6.3 Controlling reperfusion pressure
Reperfusion injury may also be the result of excess pressure in the first moments following aortic unclamping. Okamoto et al. (138) demonstrated that early gentle reperfusion (50 mmHg versus 80 mmHg during the first 20 min of reperfusion) limited the post-ischemic damage in animals subjected to 4 h of ischemia. Similarly, a staged reperfusion protocol in which the coronary perfusion pressure was maintained at 40% of control for 0–3 min after the onset of reperfusion, 60% of control for 4–6 min, and 80% of control for 7–10 min has been suggested (139). This graduated reperfusion could mitigate myocardial stunning via transient acidosis during early reperfusion.

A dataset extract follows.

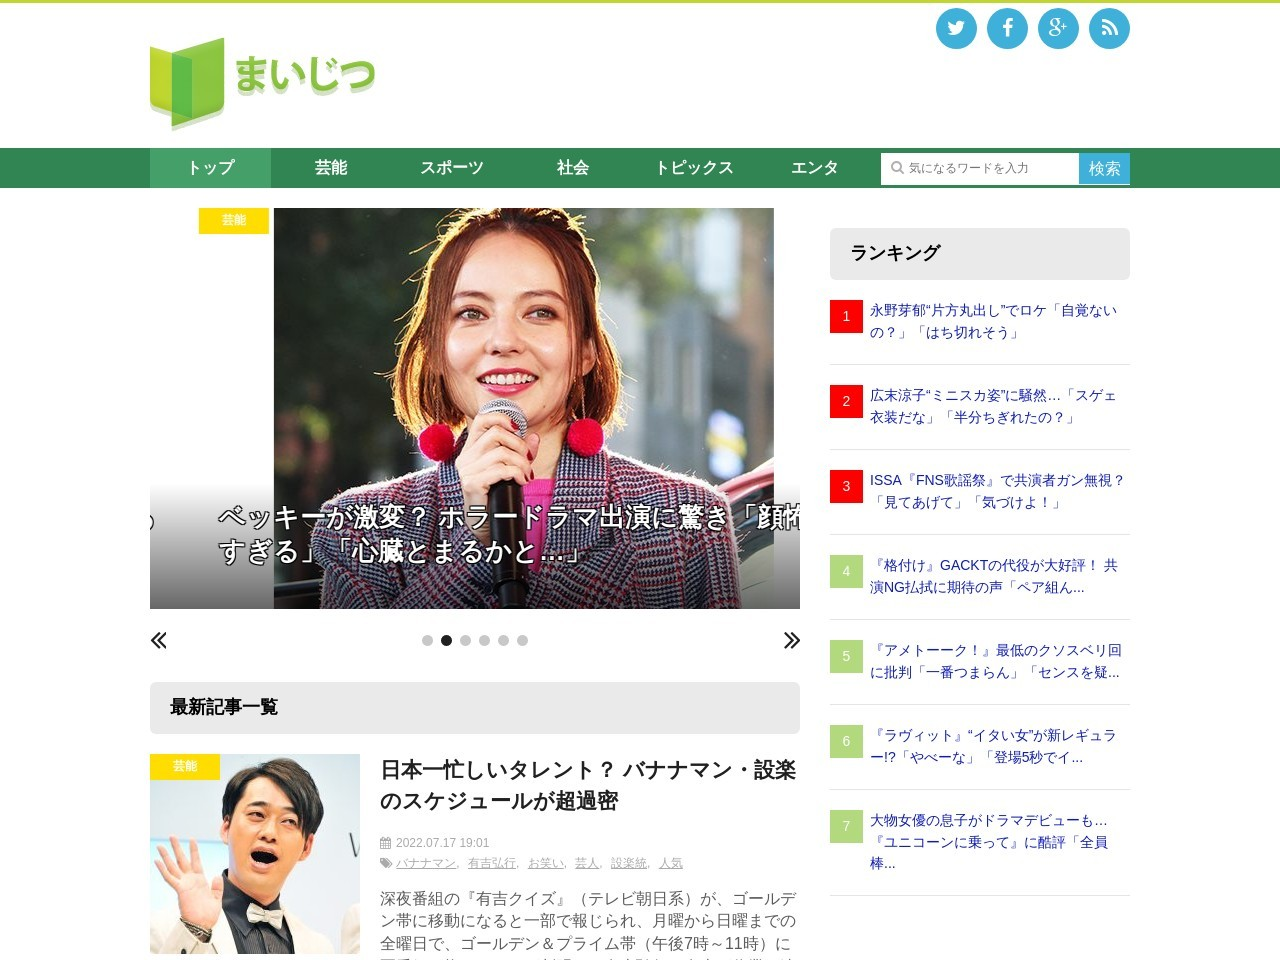 """吉本""""お家騒動""""をナナメから斬りまくる! 関西芸人たちの秀逸コメント集"""
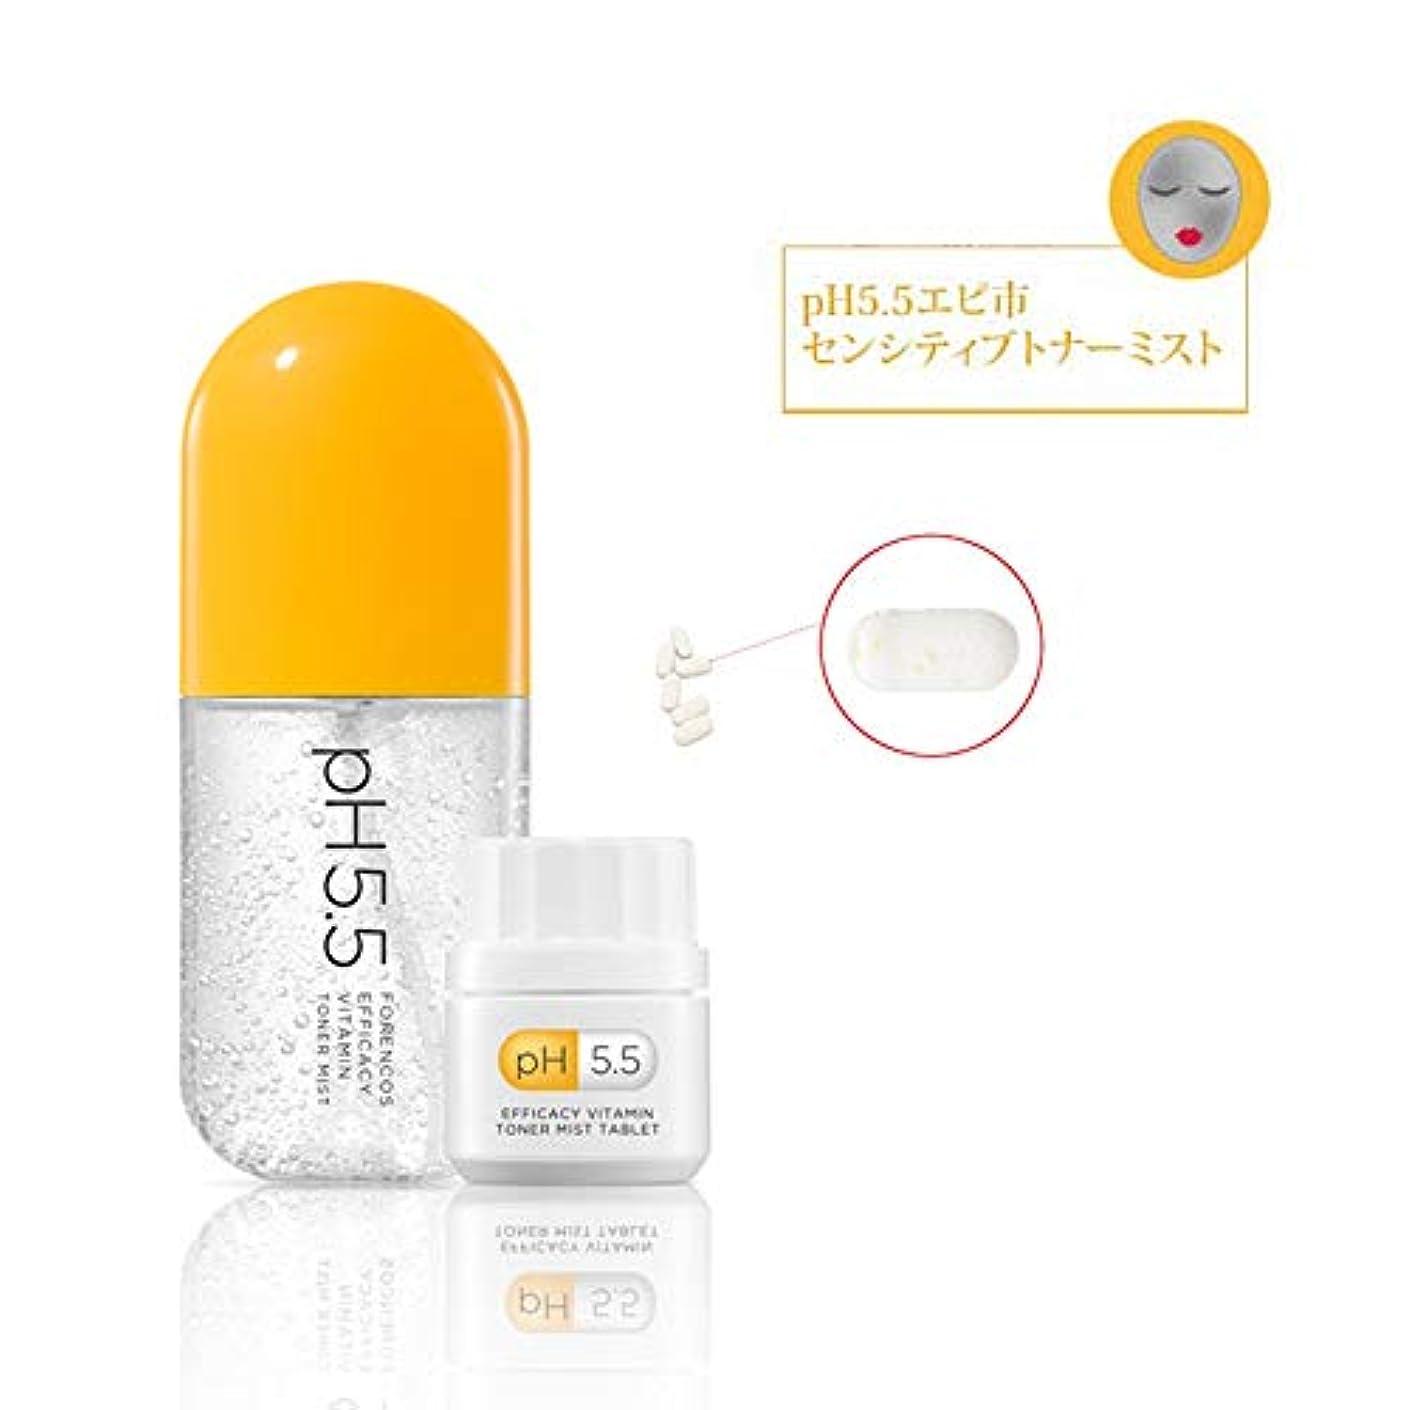 フォームオセアニア三[FORENCOS] pH5.5 ビタミン効果型化粧水スプレー/pH 5.5 Efficacy Toner Mist (1g*10ea) 1 Pack #Vitamin

Controlled reperfusion decreases calcium deposition and increases both mitochondrial oxidative phosphorylation rate and myocardial ATP content (140). Furthermore, low-pressure reperfusion limited myocardial necrosis by inhibiting mPTP opening on an isolated Langendorff heart model (141). Low-pressure reperfusion appears to offer similar protection to that provided by postconditioning, both techniques involving the activation of the PI3K-mPTP pathway (142). Testing this concept of gradual reperfusion on a population of patients undergoing CABG surgery, other authors (143) found a significant regression of interstitial edema at 60 min reperfusion. Although it is well established that excessive pressure worsens myocardial damage during reperfusion, there is currently no precise scheme for gentle reperfusion that can be clinically applied. Consequently, the practical implementation of this concept varies widely from one center to another (144).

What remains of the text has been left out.